On 3/15/17 12:15 AM, Rick Labs wrote:
...

 Kingsley,

 Wanted to thank you very much for your valuable post! Its a great
 introduction to making the transition from a table/Excel/spreadsheet
 view of data over to, as you say, /"a//
 //collection of RDF statements grouped by statement Predicate"/

 Those of us working on the Company Data project typically come with
 that  table orientation background. Having a "learning path" laid out
 transitioning to the SPARQL world is very helpful.

 I'm very fuzzy on basic "inheritance" here at Wikidata.

 For example Company->Financial Statements->Income Statement for
 2016Q4->total revenue->some number

   * Total revenue needs the /*time period*/ attached to it (here start
     and end dates for the quarter); others need point-in-time
     measurements, e.g. as of 12/31/2016)
   * The total revenue needs to have an associated */currency
     /*attached to it.
   * The Income Statement for 2016Q4 needs to have a specific
     */accounting standard/* attached to it (for example US GAAP 2017,
     IFRS 2016, more at
     https://www.sec.gov/info/edgar/edgartaxonomies.shtml, and more
     outside the U.S.. The accounting standard followed in preparing
     the numbers must be very specific to help with concordance across
     different standards (especially across countries)
   * The company needs to have a "dominate" or "default" /*industry
     code*/ attached to it. WikiData might best go with 56 industries
     classified according to the '''International Standard Industrial
     Classification revision 4 (ISIC Rev. 4)'''. This is the set used
     by the World Input-Output tables http://www.wiod.org/home. They
     take data from all 28 EU countries and 15 other major countries in
     the world and transform it to be comparable using these
     industries. Its the broadest "nearly global" coverage I can find.
     It would be also advisable to accommodate multiple industry
     assignments per entity / establishment, each with the standard and
     year which were followed, applied from a specifically enumerated
     list. For example in North America data will often be available
     according to the most current, and highly granular 2017 NAICS
     system https://www.census.gov/eos/www/naics/ and there are
     concordances between versions see:
     https://www.census.gov/eos/www/naics/concordances/concordances.html
     and https://unstats.un.org/unsd/cr/registry/isic-4.asp.

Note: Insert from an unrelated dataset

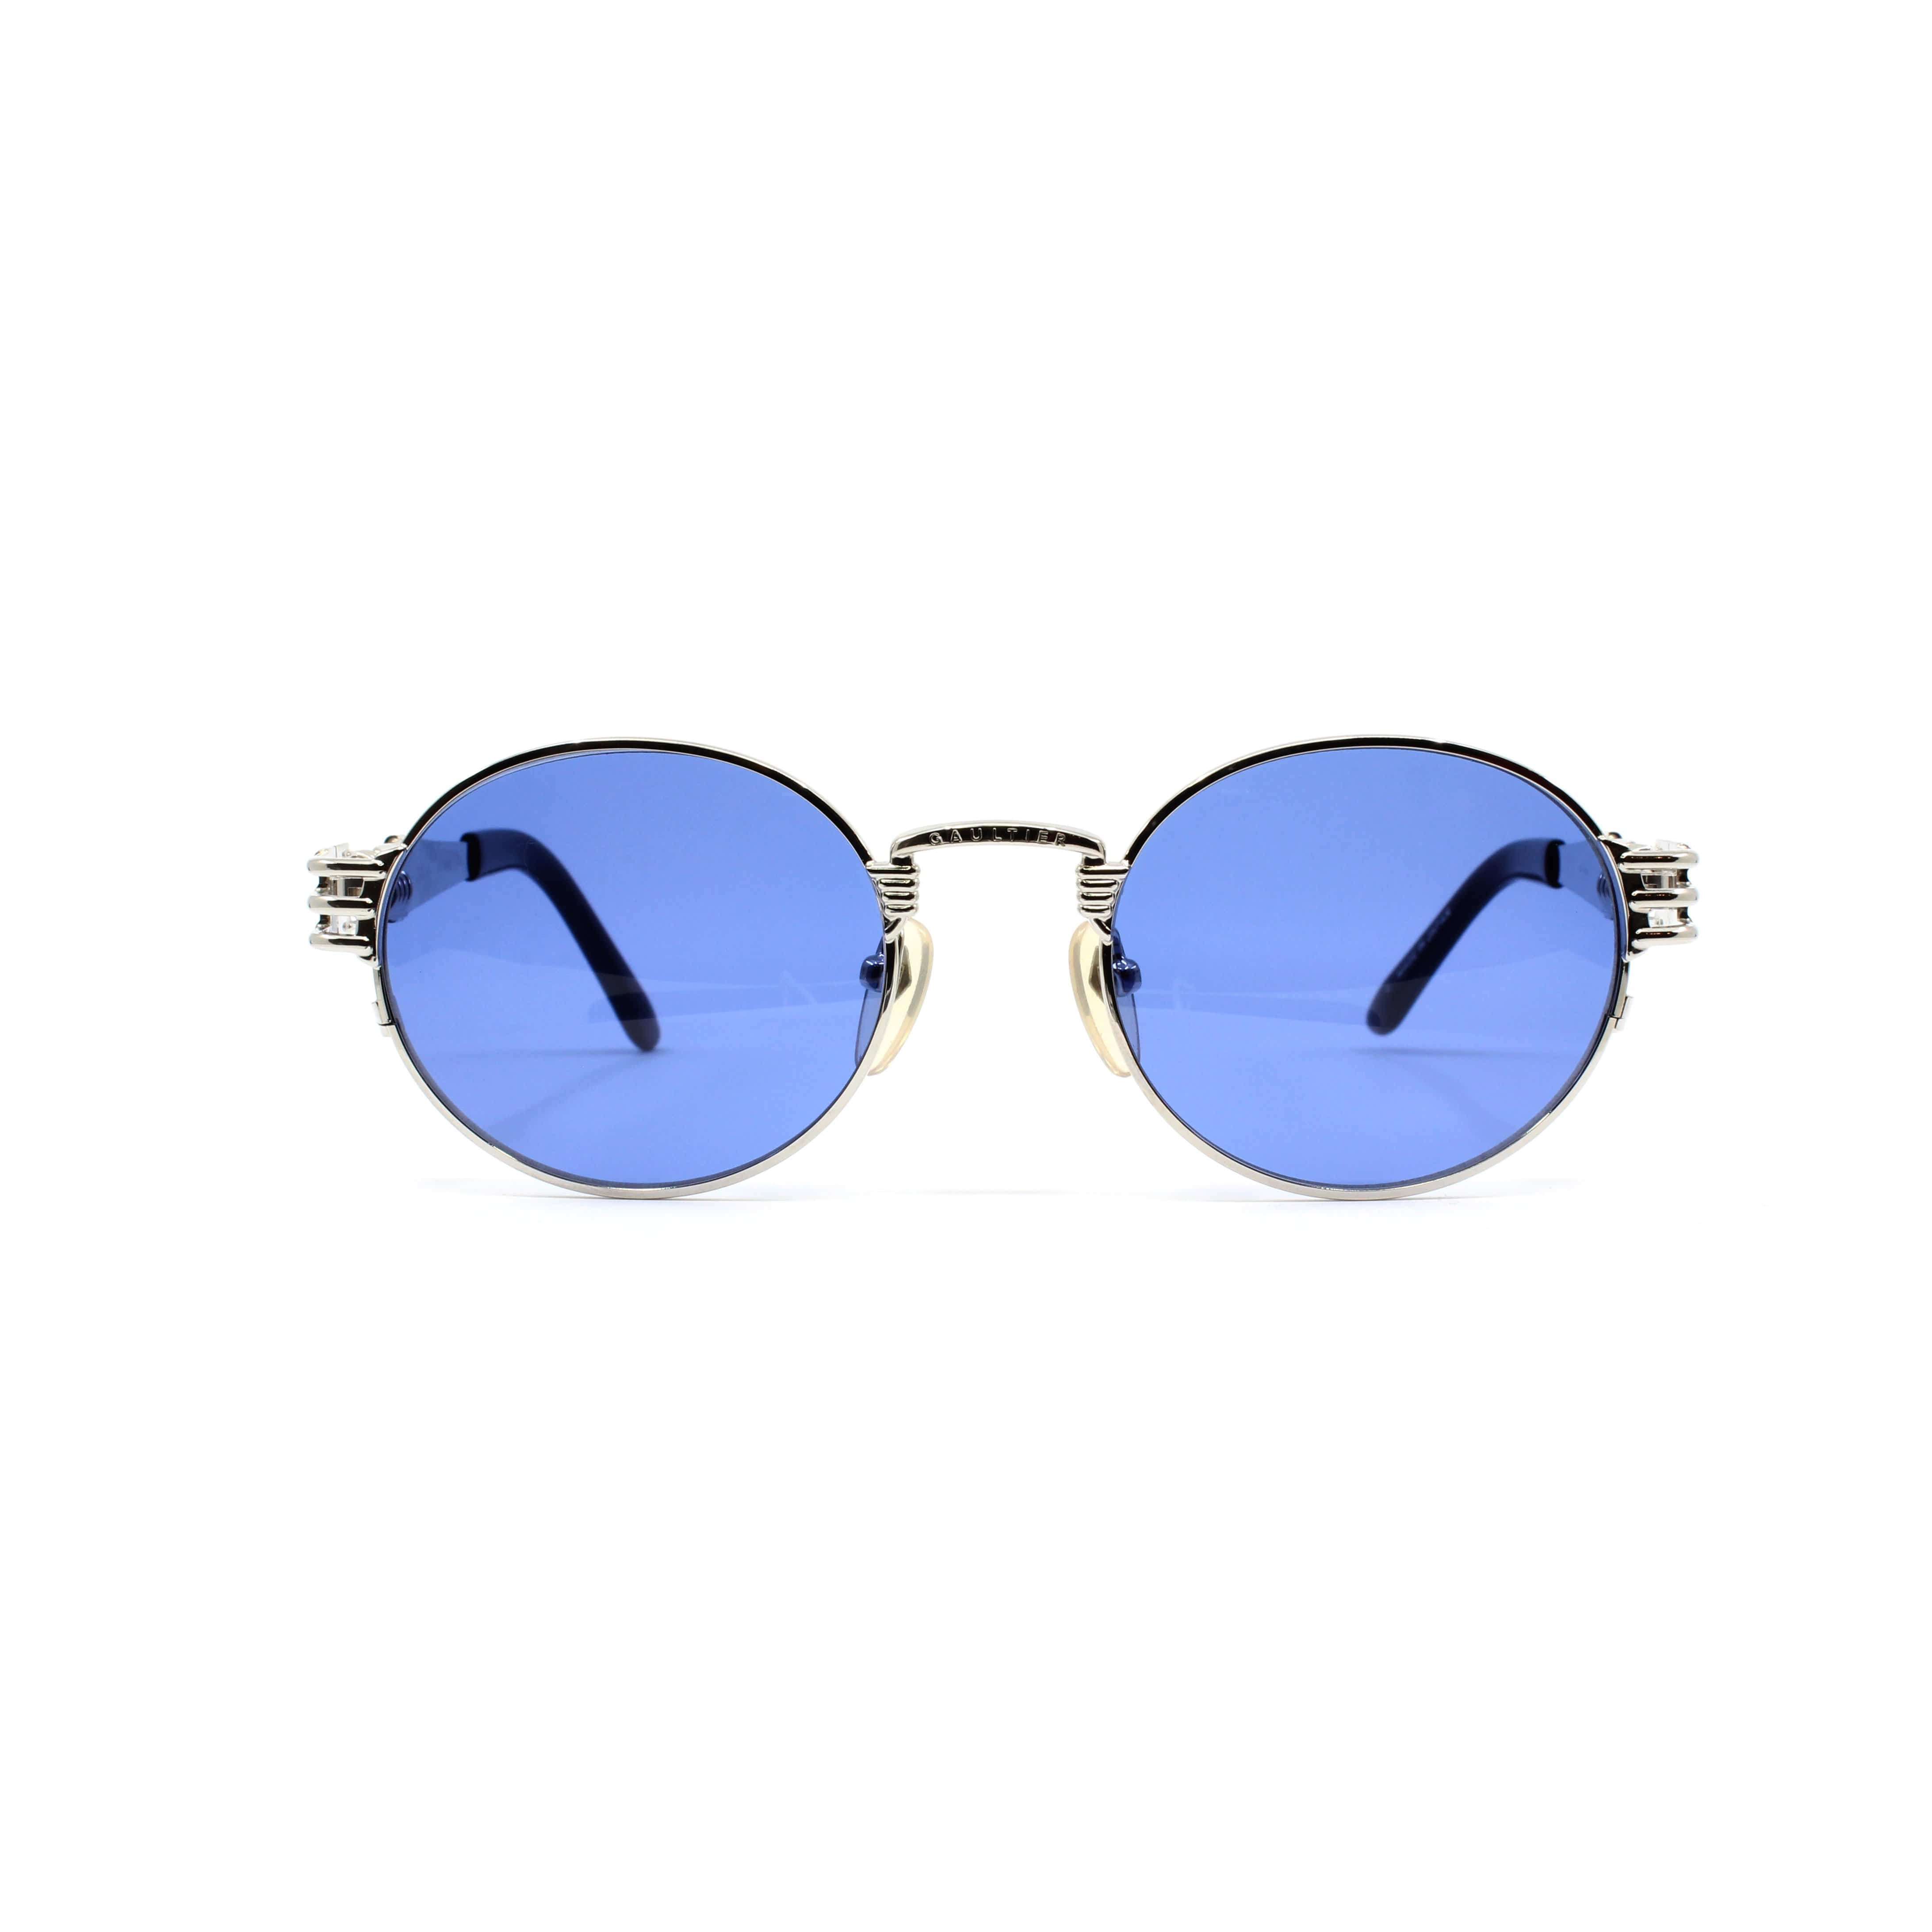 Jean Paul Gaultier Silver 56-6106 Sunglasses

Looking
     towards the future where large amounts of company data are machine
     imported it would be best to preserve the original, most detailed
     industry codes available (such as the 6 digit NACIS code) and
     preserve the standard and year associated with that assigned
     code(s). Given the year and the detail the concordances can later
     be used to machine add different codes as needed. Granular users
     are then accommodated, and people looking to do cross country /
     global analysis (at the 56 industry level) are also accommodated.

 When I look at the above challenge I think of your prescription of how
 to make RDF collections easier to read.

     1. Addition of annotation relations esp., the likes of rdfs:label,
     skos:prefLabel, skos:altLabel, schema:name, foaf:name, rdfs:comment,
     schema:description etc..

     2. Addition (where possible) use of relations such as foaf:depiction,
     schema:image etc..

     Adhering to the above *leads to RDF statement collections that are
     easier**
     **to read*, without the confusing nature of the term "graph"
     getting in the
     way. At the end of the day, RDF is simply an abstract language for
     creating structured data using a variety of notations (RDF-Turtle,
     RDF-NTriples, JSON-LD, RDF-XML etc..). *It isn't a format, but sadly**
     **that's how it is still perceived* by most circa., 2017 (even
     though the
     initial RDF definition snafu on this front occurred around 2000). 

 And I can't help but be intensely curious as to what happened in that
 2000 initial RDF definition snafu?

Creating and perpetuating the misconception that RDF/XML == RDF. That
was compounded by a Layer Cake diagram that actually depicted the
misconception that RDF was built atop XML.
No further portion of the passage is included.